▸ Dataset content:
╭──

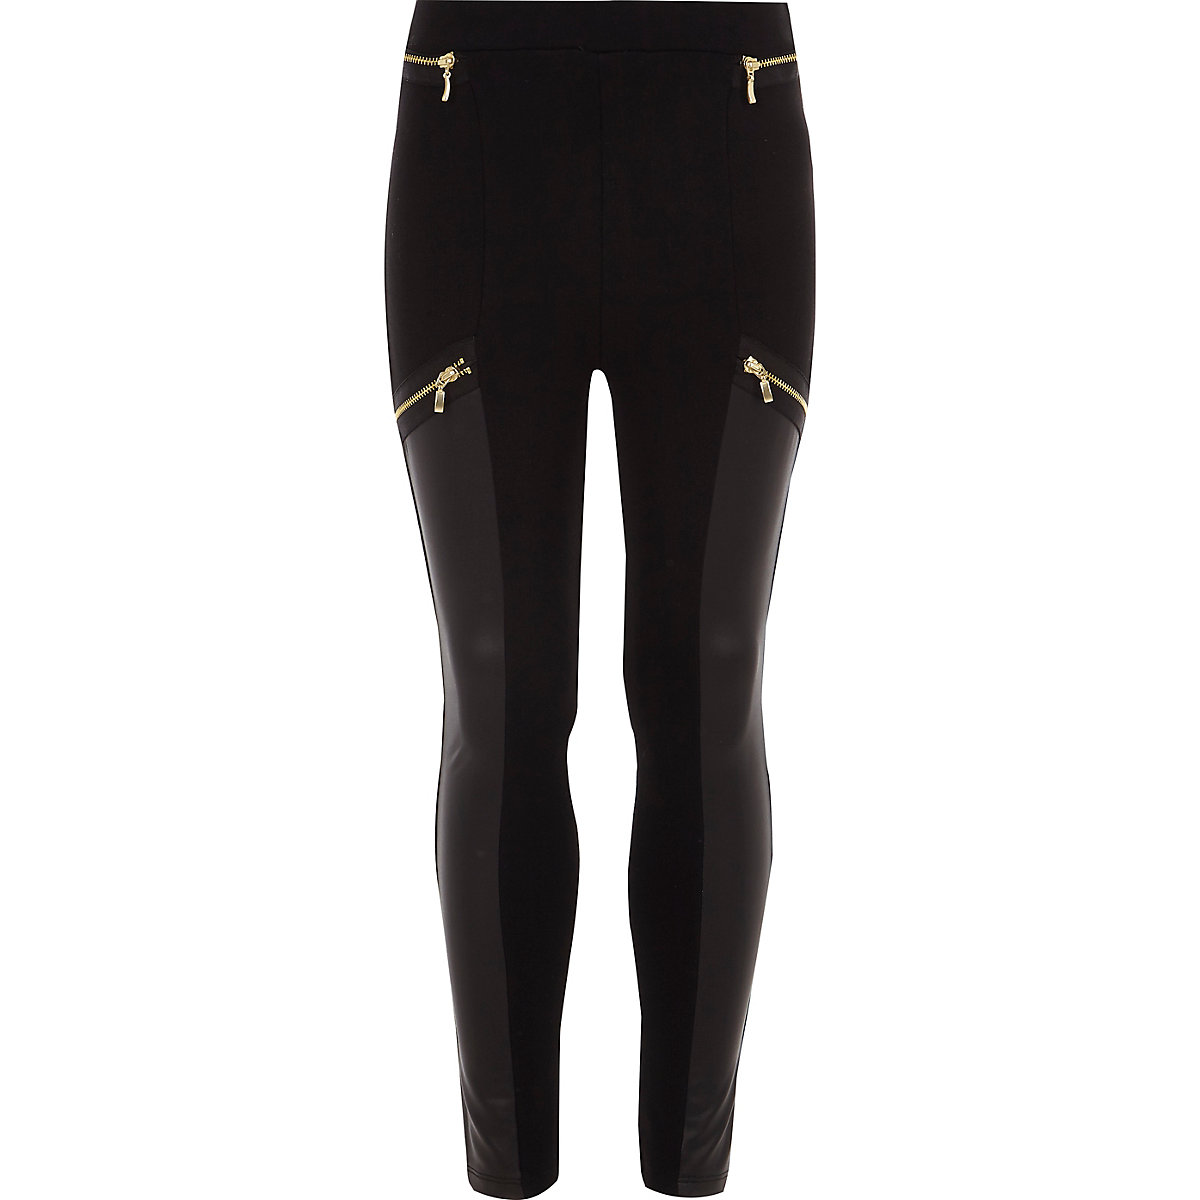 Girls black faux leather panel zip leggings
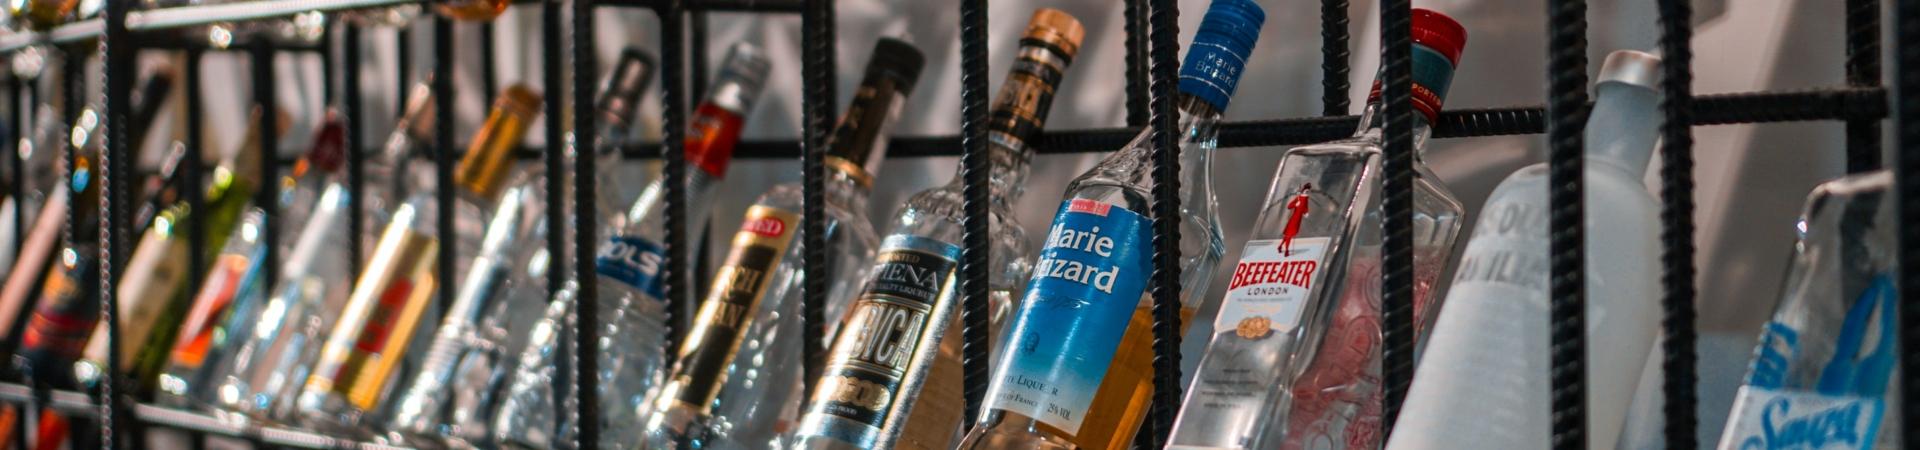 alcohol branding marketing strategies
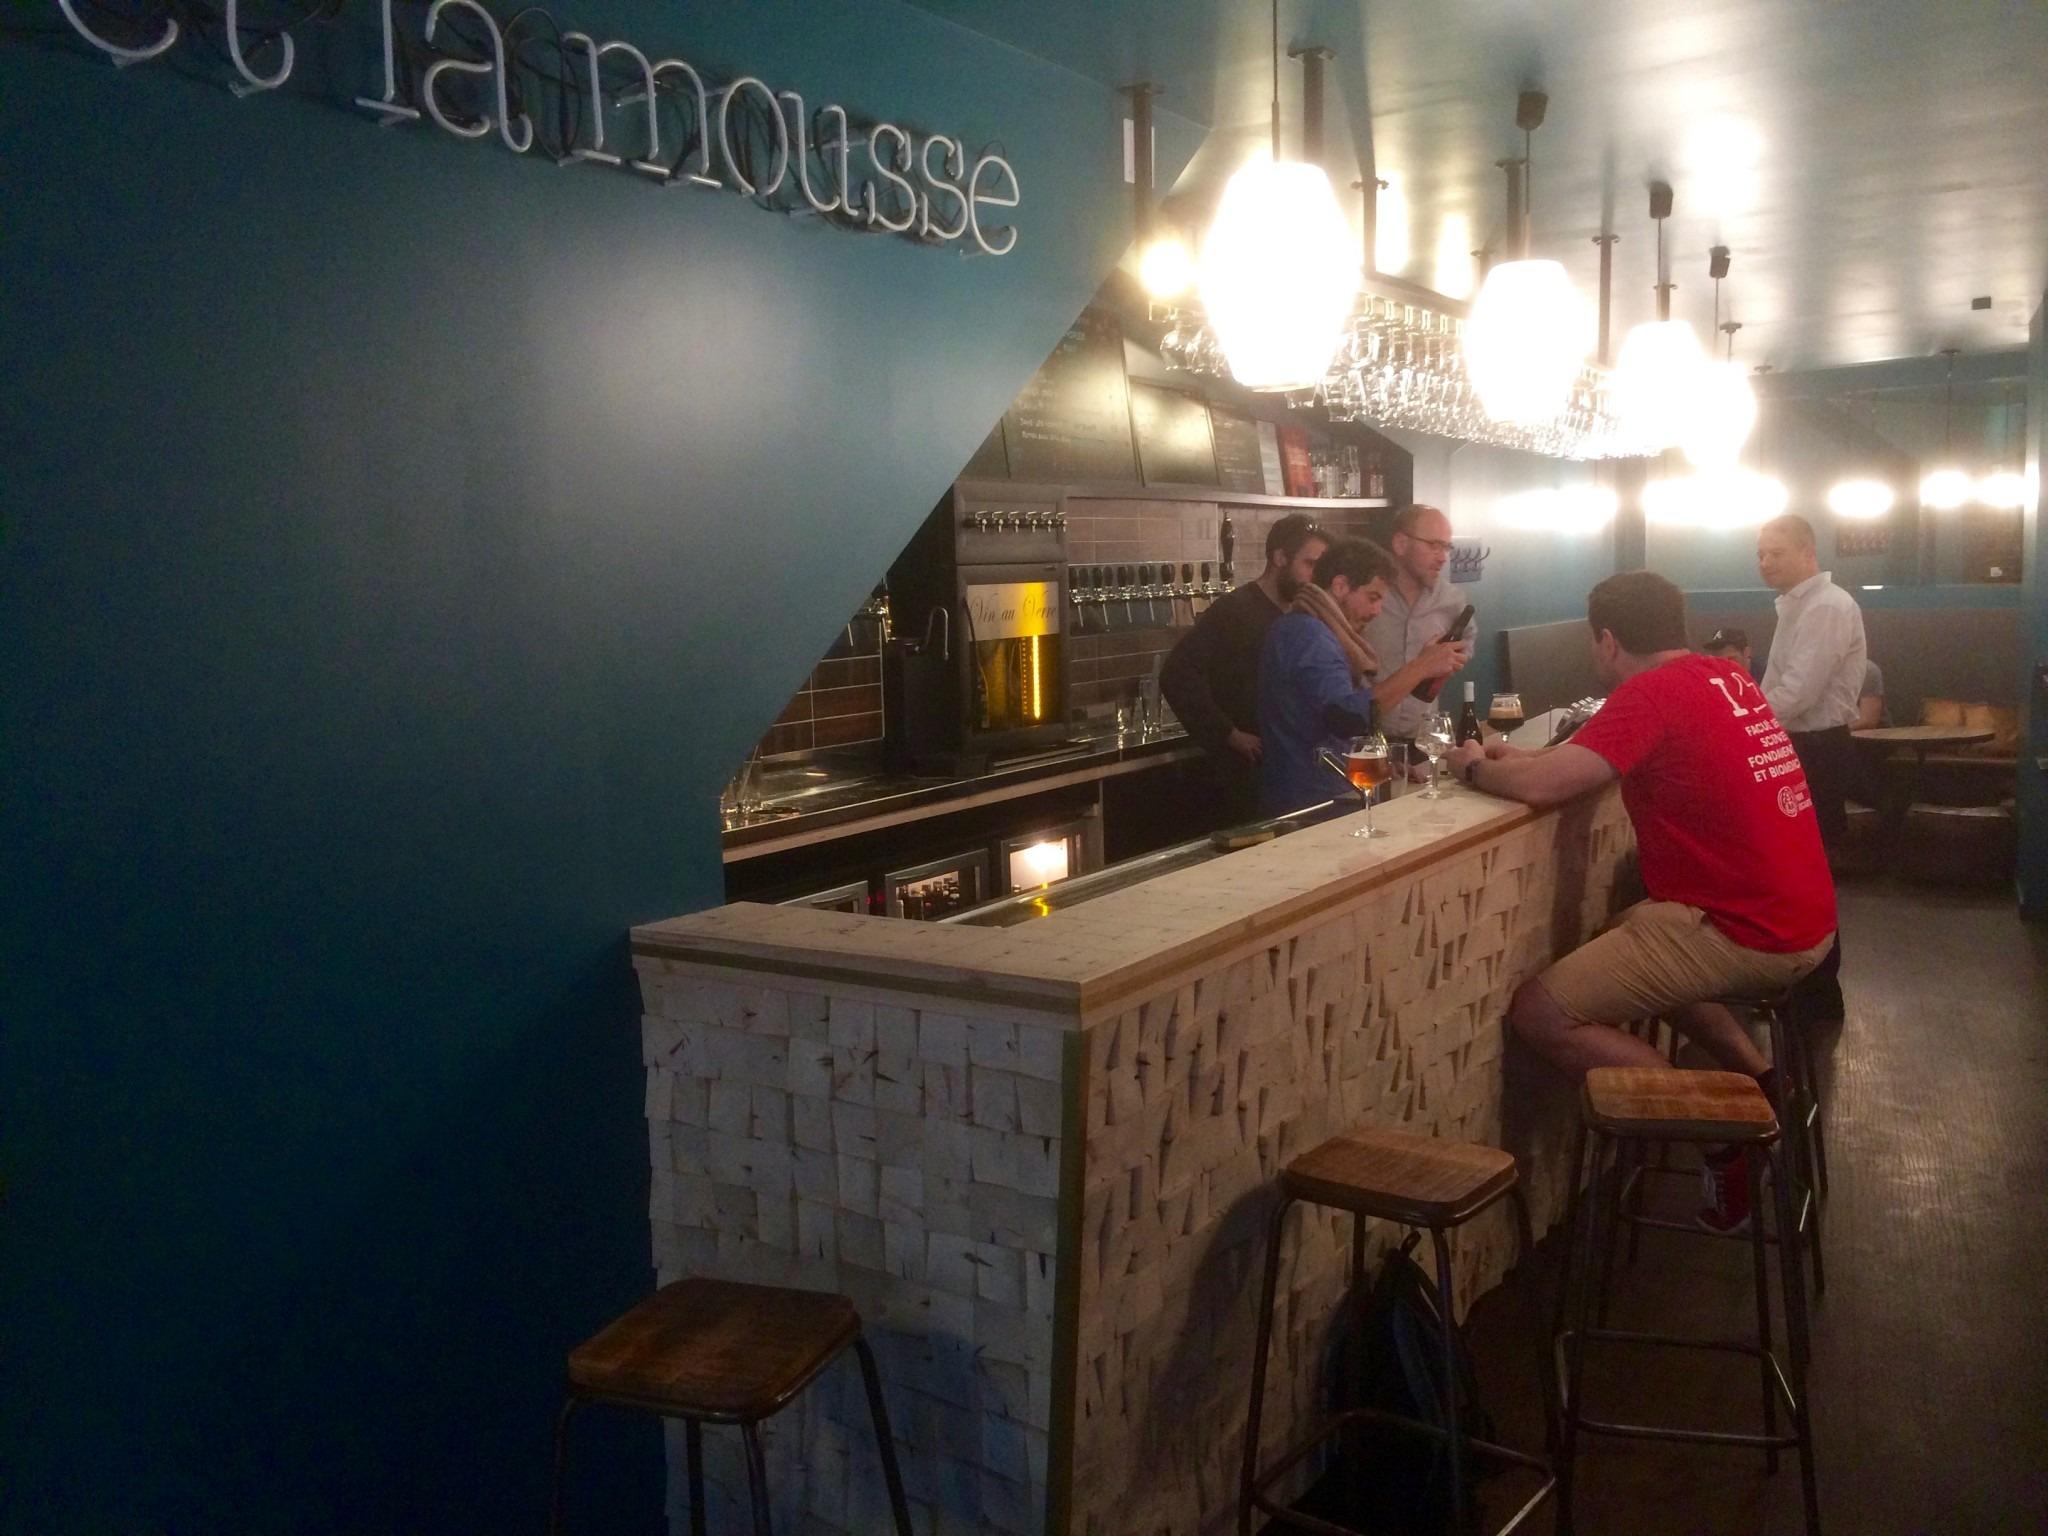 interior of craft beer bar in Paris
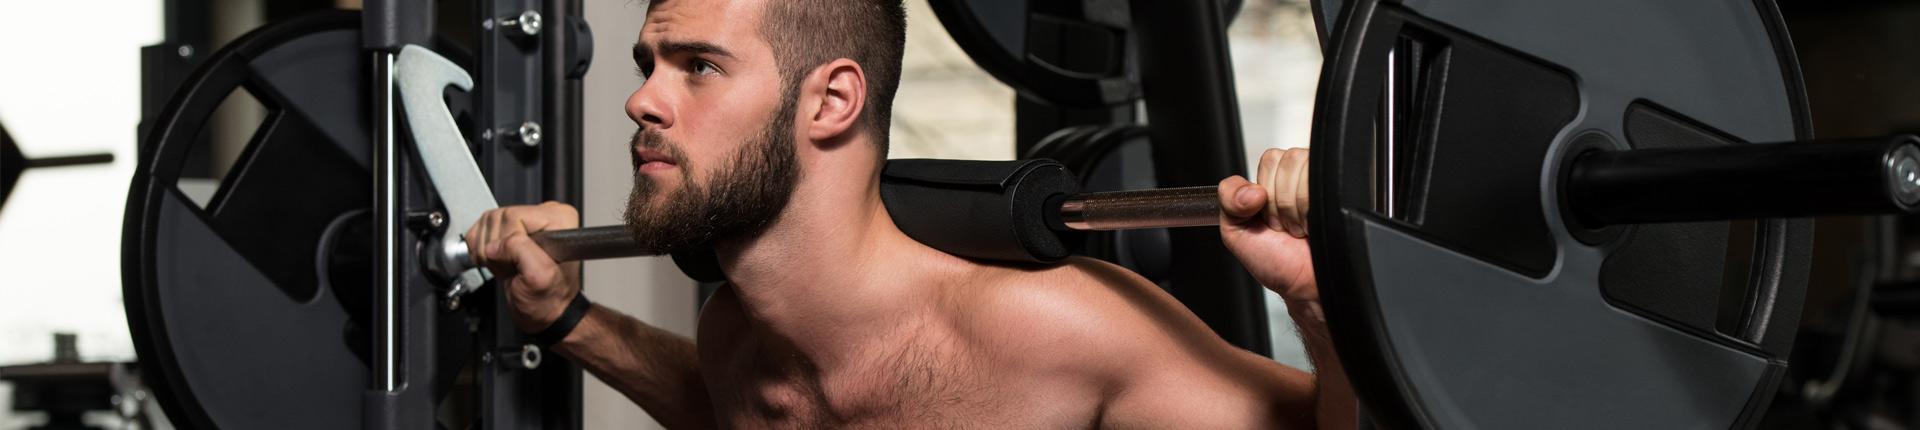 Jaka dieta i trening na początek?

╰──

▸ Task instructions: Working from the lines above, reproduce the material exactly and exclude its pictures.

▸ Result below:
 Girls black faux leather panel zip leggings
 alcohol branding marketing strategies
 interior of craft beer bar in Paris
 Jaka dieta i trening na początek?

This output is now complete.